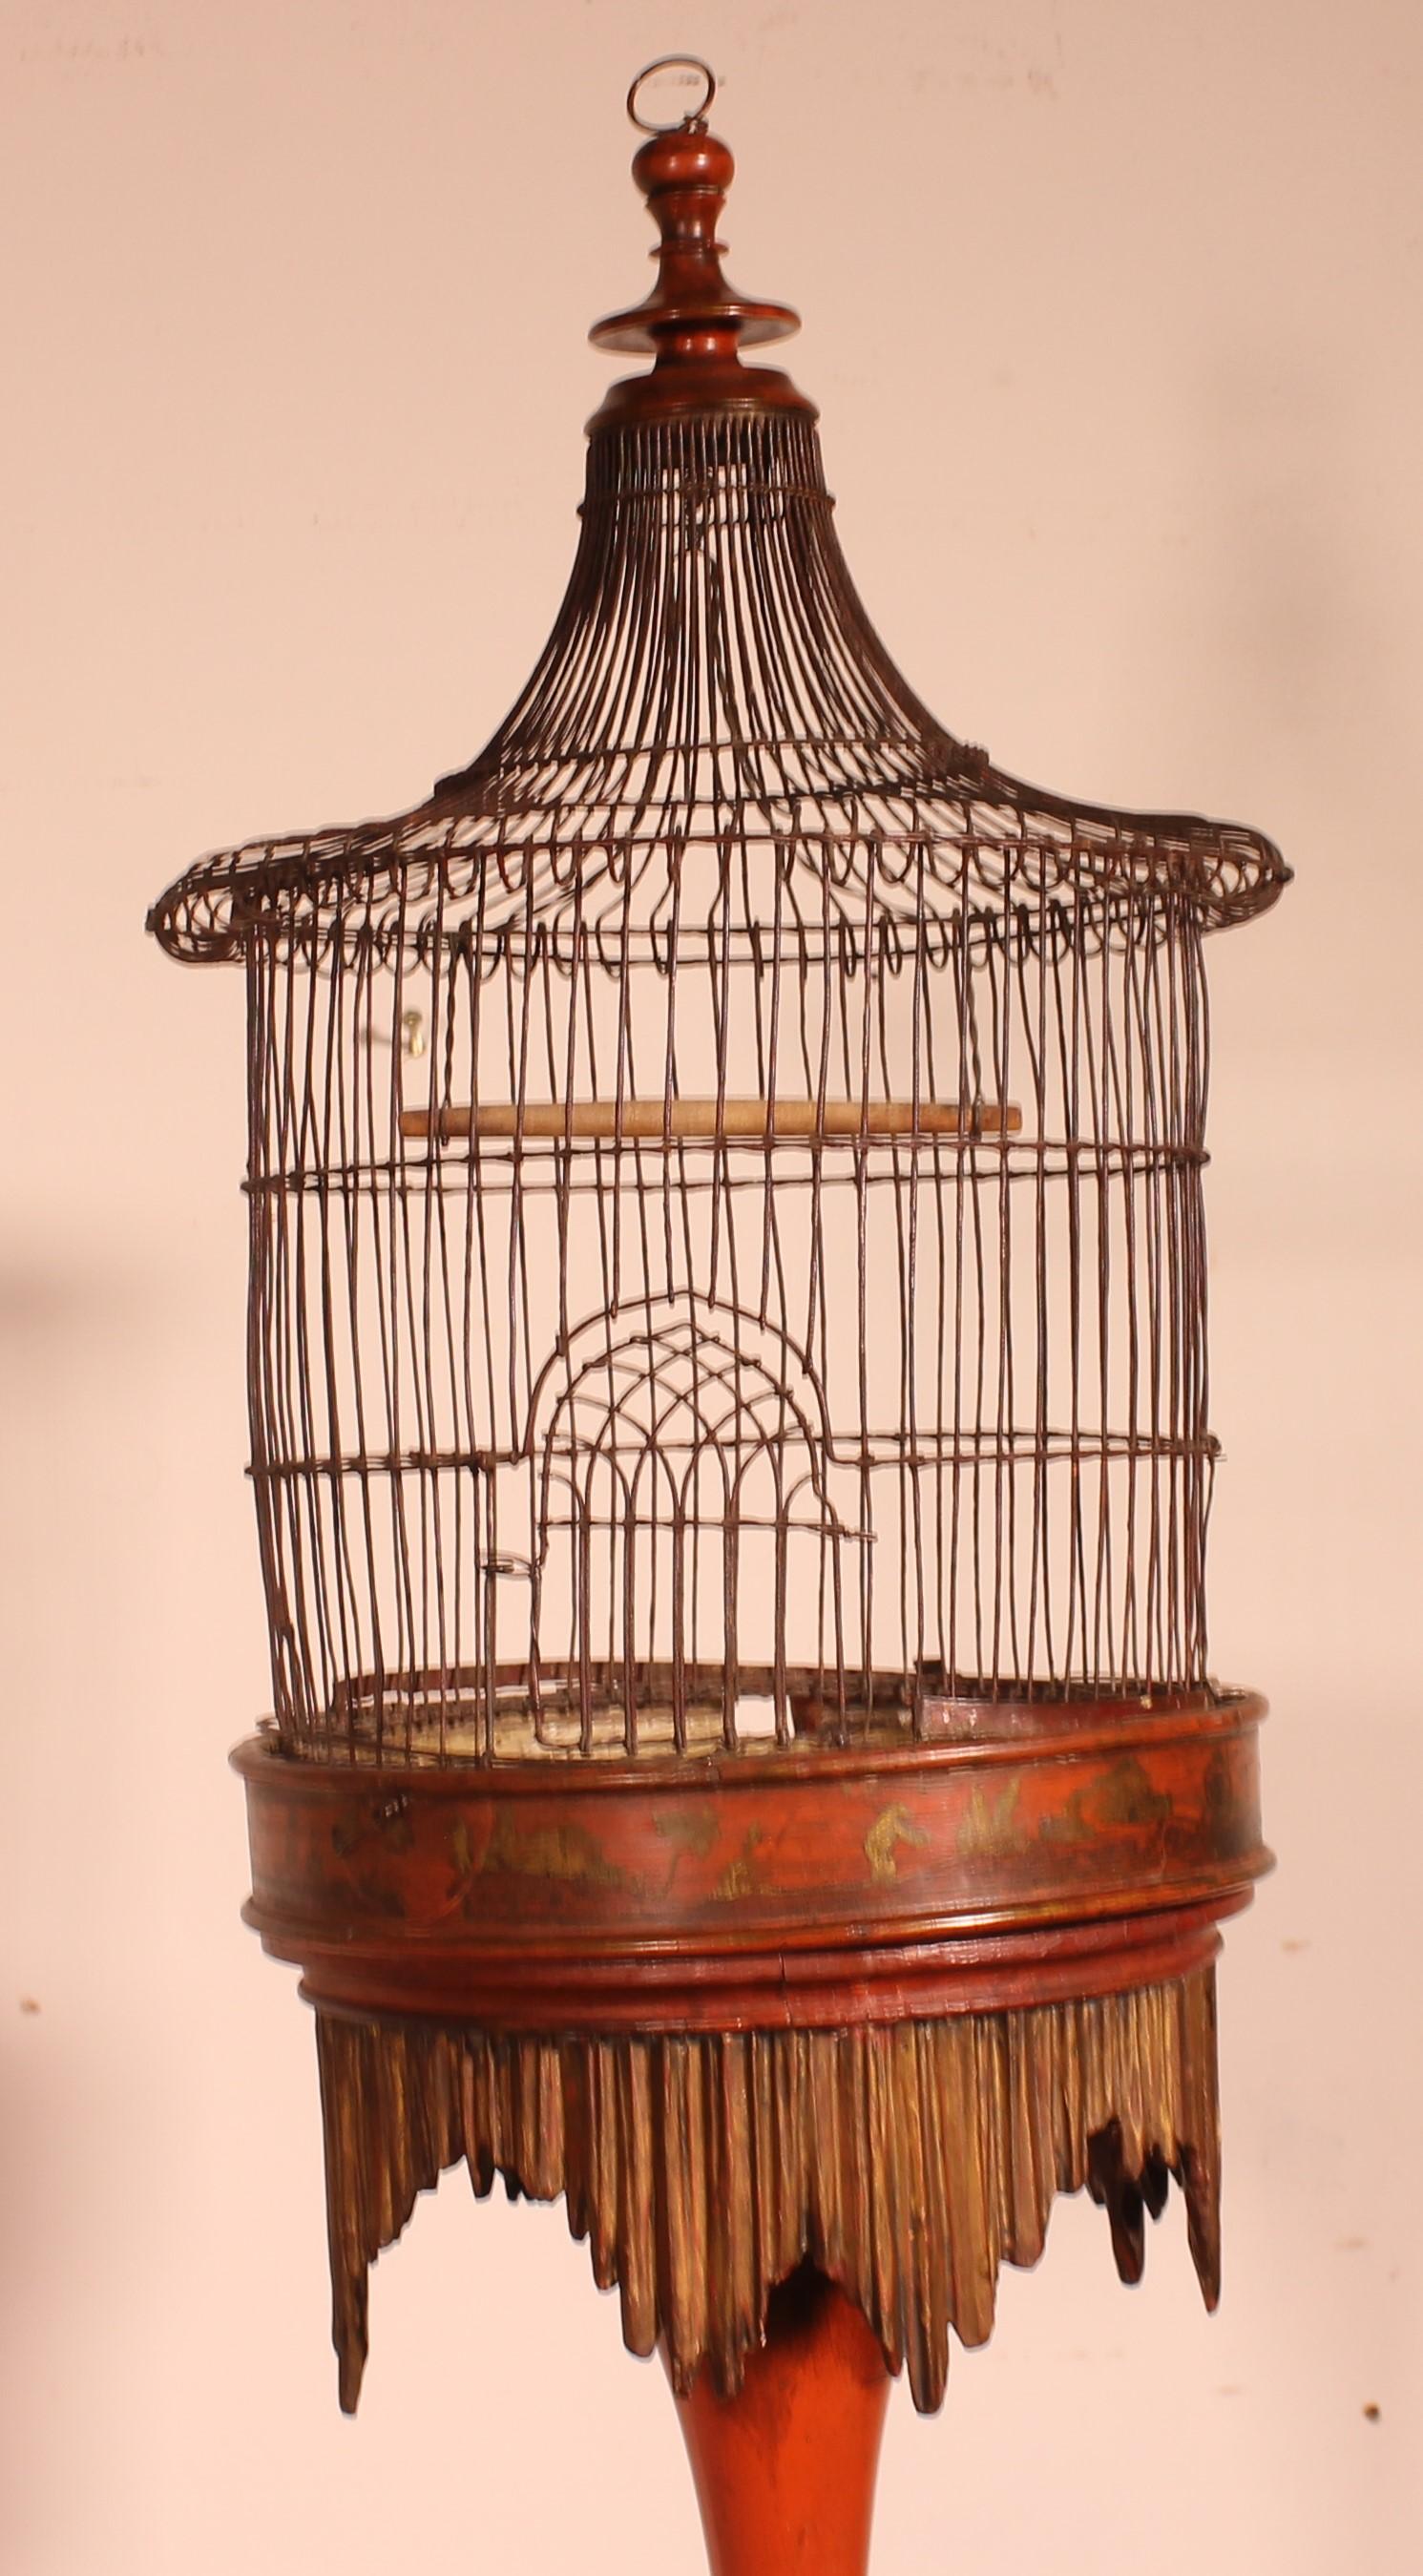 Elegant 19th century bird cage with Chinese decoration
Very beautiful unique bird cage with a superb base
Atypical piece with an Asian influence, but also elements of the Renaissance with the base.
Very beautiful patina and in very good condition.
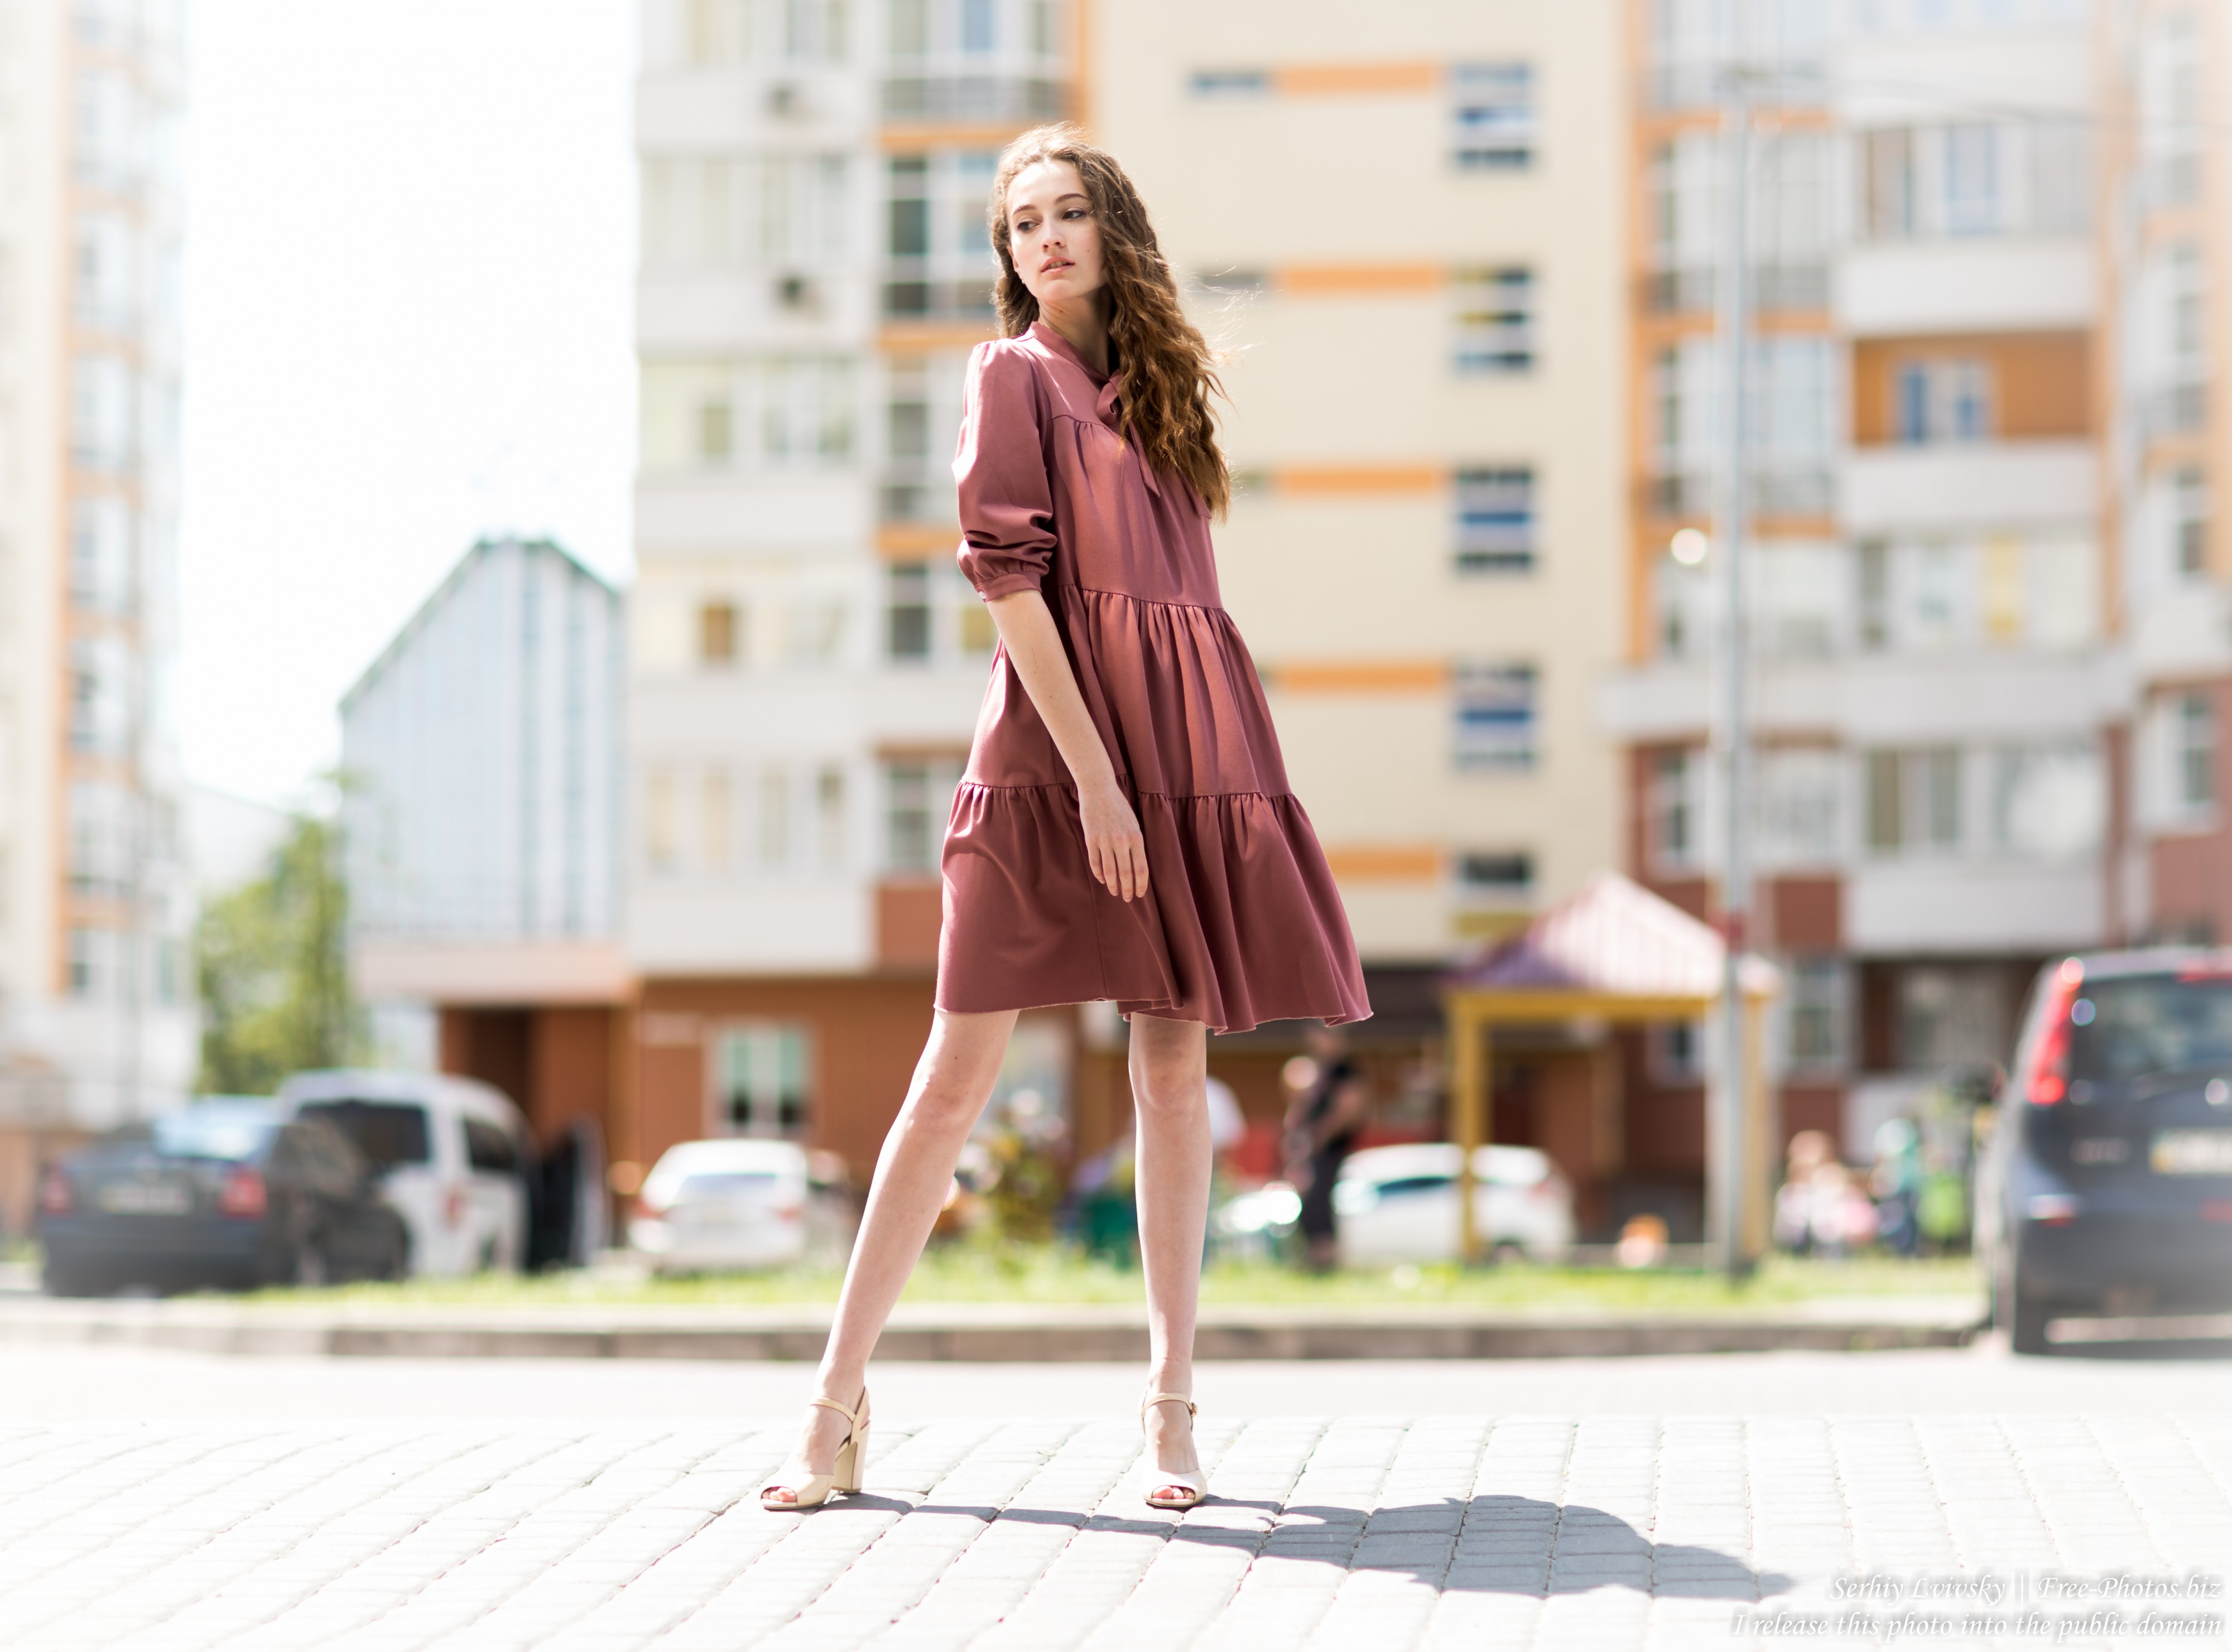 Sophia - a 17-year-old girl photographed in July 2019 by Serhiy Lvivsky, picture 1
● ● ● ● ●
# Problem details
Only the text of the records belongs in your answer, repeated exactly; the pictures stay out.

# Result for this exercise
 Elegant 19th century bird cage with Chinese decoration
Very beautiful unique bird cage with a superb base
Atypical piece with an Asian influence, but also elements of the Renaissance with the base.
Very beautiful patina and in very good condition.
 Sophia - a 17-year-old girl photographed in July 2019 by Serhiy Lvivsky, picture 1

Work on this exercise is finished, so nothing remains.